Our approach is based on fitting a 3DMM to observations under perspective projection. Hence, we begin by describing the 3D morphable model and pinhole camera model.

3.1 3D Morphable Model

A 3D morphable model is a deformable mesh \(\mathcal{M}(\boldsymbol{\alpha }) = (\mathcal{K},\mathbf{s}(\boldsymbol{\alpha }))\), whose shape is determined by the shape parameters \(\boldsymbol{\alpha } \in \mathbb{R}^{S}\). Shape is described by a linear model learnt from data using Principal Components Analysis (PCA) [7]. So, the shape of any object from the same class as the training data can be approximated as:

$$\displaystyle{ \mathbf{s}(\boldsymbol{\alpha }) = \mathbf{P}\boldsymbol{\alpha } +\bar{ \mathbf{s}}, }$$
(14.1)

where \(\mathbf{P} \in \mathbb{R}^{3N\times S}\) contains the S principal components, \(\bar{\mathbf{s}} \in \mathbb{R}^{3N}\) is the mean shape and the vector \(\mathbf{s}(\boldsymbol{\alpha }) \in \mathbb{R}^{3N}\) contains the coordinates of the N vertices, stacked to form a long vector: \(\mathbf{s} = \left [u_{1}\ v_{1}\ w_{1}\ \ldots \ u_{N}\ v_{N}\ w_{N}\right ]^{\text{T}}\). Hence, the ith vertex is given by: \(\mathbf{v}_{i} = \left [s_{3i-2}\ s_{3i-1}\ s_{3i}\right ]^{\text{T}}\).

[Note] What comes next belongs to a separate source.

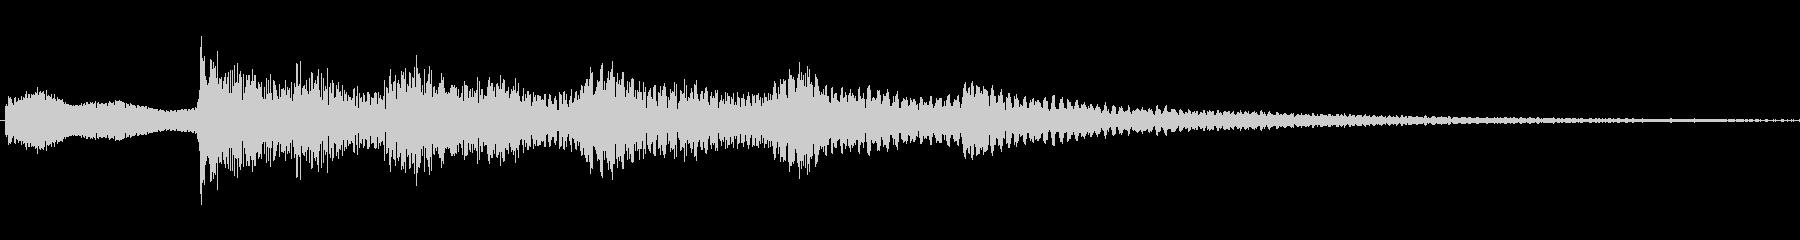 ジングル101cの未再生の波形

The connectivity or topology of the deformable mesh is fixed and is given by the simplicial complex \(\mathcal{K}\), which is a set whose elements can be vertices {i}, edges {i, j} or triangles {i, j, k} with the indices i, j, k ∈ [1. . N].

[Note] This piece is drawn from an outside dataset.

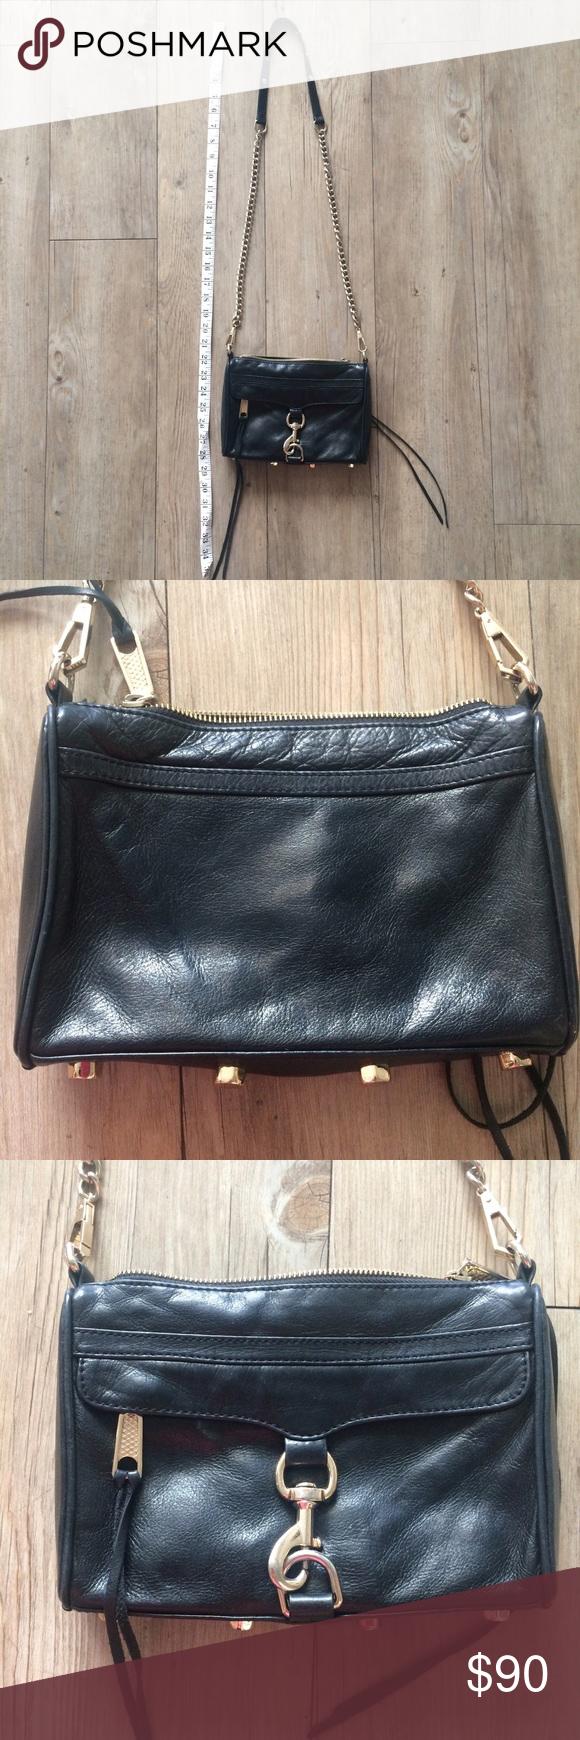 Rebecca Minkoff Mini Mac Crossbody Bag Has some wear but overall still good condition Rebecca Minkoff Bags Crossbody Bags

For convenience, we denote the sub-matrix corresponding to the ith vertex as \(\mathbf{P}_{i} \in \mathbb{R}^{3\times S}\) and the corresponding vertex in the mean face shape as \(\bar{\mathbf{s}}_{i} \in \mathbb{R}^{3}\), such that the ith vertex is given by: \(\mathbf{v}_{i} = \mathbf{P}_{i}\boldsymbol{\alpha } +\bar{ \mathbf{s}}_{i}.\) Similarly, we define the row corresponding to the u component of the ith vertex as P iu (similarly for v and w) and define the u component of the ith mean shape vertex as \(\bar{s}_{iu}\) (similarly for v and w).

3.2 Pinhole Camera Model

The perspective projection of the 3D point v = [u v w]T onto the 2D point x = [x y]T is given by the pinhole camera model \(\mathbf{x} = \mathbf{pinhole}[\mathbf{v},\boldsymbol{\varLambda },\boldsymbol{\varOmega },\boldsymbol{\tau }]\) where

$$\displaystyle{ \mathbf{pinhole}[\mathbf{v},\boldsymbol{\varLambda },\boldsymbol{\varOmega },\boldsymbol{\tau }] = \left [\begin{array}{c} \frac{\phi (\omega _{11}u+\omega _{12}v+\omega _{13}w+\tau _{x})} {\omega _{31}u+\omega _{32}v+\omega _{33}w+\tau _{z}} +\delta _{x} \\ \frac{\phi (\omega _{21}u+\omega _{22}v+\omega _{23}w+\tau _{y})} {\omega _{31}u+\omega _{32}v+\omega _{33}w+\tau _{z}} +\delta _{y} \end{array} \right ] }$$
(14.2)

where

$$\displaystyle{\boldsymbol{\varOmega } = \left [\begin{array}{ccc} \omega _{11} & \omega _{12} & \omega _{13}\\ \omega _{ 21} & \omega _{22} & \omega _{23}\\ \omega _{31 } & \omega _{32 } & \omega _{33} \end{array} \right ]}$$

is a rotation matrix and \(\boldsymbol{\tau } = \left [\tau _{x}\ \tau _{y}\ \tau _{z}\right ]^{T}\) is a translation vector which relate model and camera coordinates (the extrinsic parameters). The matrix:

$$\displaystyle{\boldsymbol{\varLambda } = \left [\begin{array}{ccc} \phi &0&\delta _{x} \\ 0& \phi &\delta _{y} \\ 0&0&1 \end{array} \right ]}$$

contains the intrinsic parameters of the camera, namely the focal length ϕ and the principal point (δ x , δ y ).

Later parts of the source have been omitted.